On 14 March 1944 Kalinindorf was liberated. I submitted a request for going back. We received permission for reevacuation only in November. I wrote to the village council that we were returning and asked them to inform me on what happened to our relatives. They wrote me back that Moishe and Kreina Freidkins and their children were shot by fascists in Kalinindorf. I received the same notification for my father and stepmother in Sagaydak. I was eager to go back to my home place. Our return trip lasted for about a month. The trains were passing by without stopping, so overcrowded they were and we had to wait at stations for a long time before getting on another train. Finally in late December 1944 we arrived at Kalinindorf. I hired a wagon to take us home. Our house was there, but the door was locked. A Ukrainian woman and her son had moved into our house. She came back in the evening with a friend of hers and chairman of the village council. They allowed us to live in half of the house, but we were happy about it. Hungry and exhausted, we fell asleep on the floor. In the morning we found out that there was nothing left in the house: this woman had taken our belongings away. Our Russian neighbor Maria came to see us. She was very happy that we were back. She gave us stools, dishes, buckets and casseroles: everything we needed to start with. That same day the Ukrainian woman moved into another Jewish house. Its owners had perished. There were many empty Jewish houses in Kalinindorf and other colonies. Tsylia and I went to work in the kolkhoz. People were helping us giving us whatever they could. I remember how my son got severely ill. I found the apartment of an assistant doctor, but he wasn’t at home. When I returned home, my son was almost fainting from pain and I burst into tears for the first time in the past years. I felt so unhappy that I rescued my son in Asia and in the hard conditions when we were evacuation, but now my son was dying. At night the assistant doctor knocked on the door. He examined my son, gave him some medications and stayed beside him through the night till my son got better.

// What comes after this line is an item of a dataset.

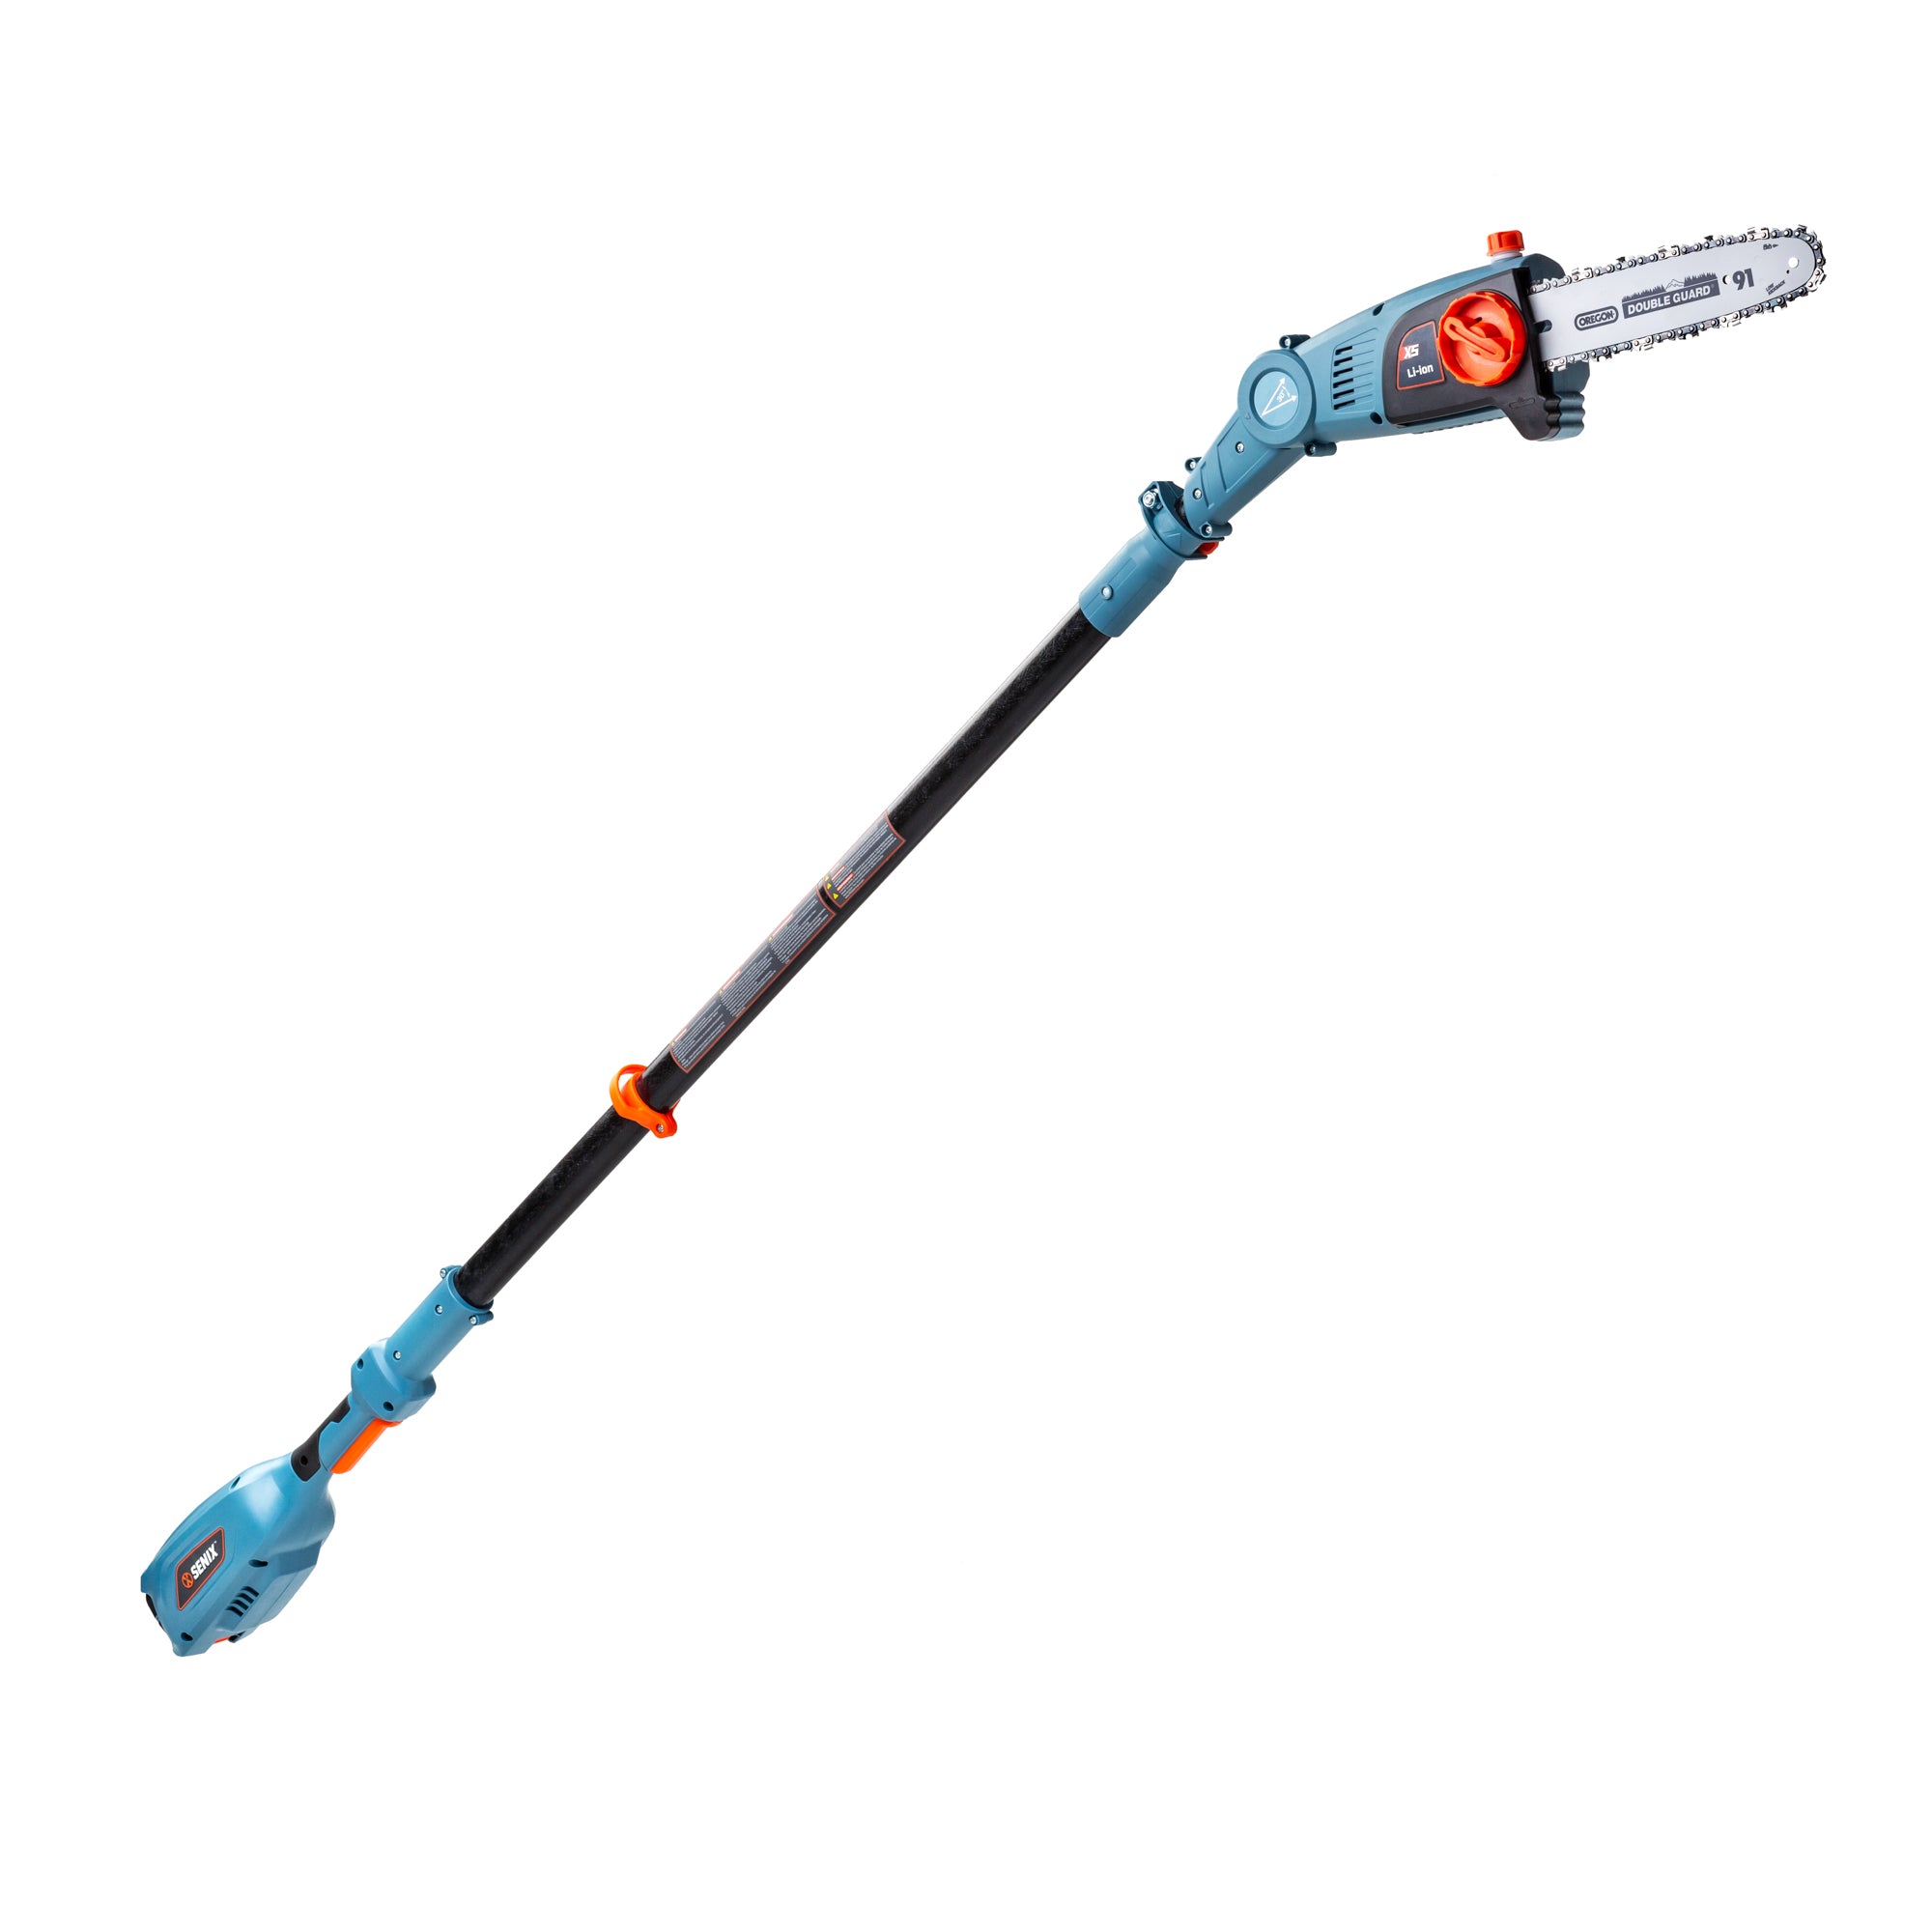 10 in. 6.5 AMP Corded Electric Pole Saw with Automatic Oiler

In January 1945 the Supreme Soviet issued an order about opening children’s homes for all homeless children. In Kalinindorf a children’s home was opened in the building of the Jewish school built before the war. The executive committee [20] authorized me to take the responsibility for restoration of the building and opening of the children’s home. We gathered bricks to make a stove and washed and cleaned the walls and windows, bought beds, desks, blankets and bed sheets. The villagers also donated whatever they could. On 16 March 1945 I conducted the opening ceremony. At first there were six children in the home. Four of them were German children, whose parents had been deported from the colony before fascists came to the village. The children stayed in a Ukrainian family. At first I was acting director of this home till they appointed a nice man for this position. He returned from the front where he had lost his arms. I became a teacher. I assisted director with everything. We celebrated 9 May 1945 – Victory Day, in the children’s home. God, it was happiness!

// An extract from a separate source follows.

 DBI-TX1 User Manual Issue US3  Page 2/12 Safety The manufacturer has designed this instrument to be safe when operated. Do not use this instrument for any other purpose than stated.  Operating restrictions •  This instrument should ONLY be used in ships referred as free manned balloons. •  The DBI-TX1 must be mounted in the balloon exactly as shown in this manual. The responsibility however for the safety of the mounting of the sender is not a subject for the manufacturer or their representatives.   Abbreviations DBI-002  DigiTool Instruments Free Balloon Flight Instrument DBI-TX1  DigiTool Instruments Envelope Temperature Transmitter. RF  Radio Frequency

Some time later men began to return from the front. In early 1946 Abram Aral, our neighbor, returned. We were friends with his family before the war. Abram had a wife and two children: Sonia, 6 years old and a baby son. His older brother Shmilyk lived in this same house. When the war began, Abram was recruited to the army and Shmilyk took his time considering whether they should evacuate or stay home. When they finally decided to move, it was too late. There were Germans all around. They were shot by fascists in 1941. Abram’s sister from Zaporozhie, whose husband perished at the front, came to live with him. Abram and his sister often came by to see us and Tsylia visited them. We were sad about our deceased dear ones often talking about them. In summer 1946 Tsylia’s husband Avrum returned from the front. They moved to Kherson, and my mother-in-law Rasia went with them. My mother-in-law sold the house under condition that my son and son would live there as long as we needed. Some time later Abram and I felt that there was more to our relationship than just the memories: our late and much suffered for love came to us. I moved in with Abram and we got married in 1947.

We got along very well. My husband was good to Mikhail and my son began to call him ‘papa’. In 1948 our son was born. I named him Alexandr after Avrum’s brother Shmidyk. I worked in the children’s home and my husband worked as a storekeeper in the military registry office. In 1956 our second son was born. I named him Yuriy after my father (Yefim is ‘Yuhym’ in Ukrainian, and I found the name with the same first letter). My mother-in-law Rasia visited us every summer.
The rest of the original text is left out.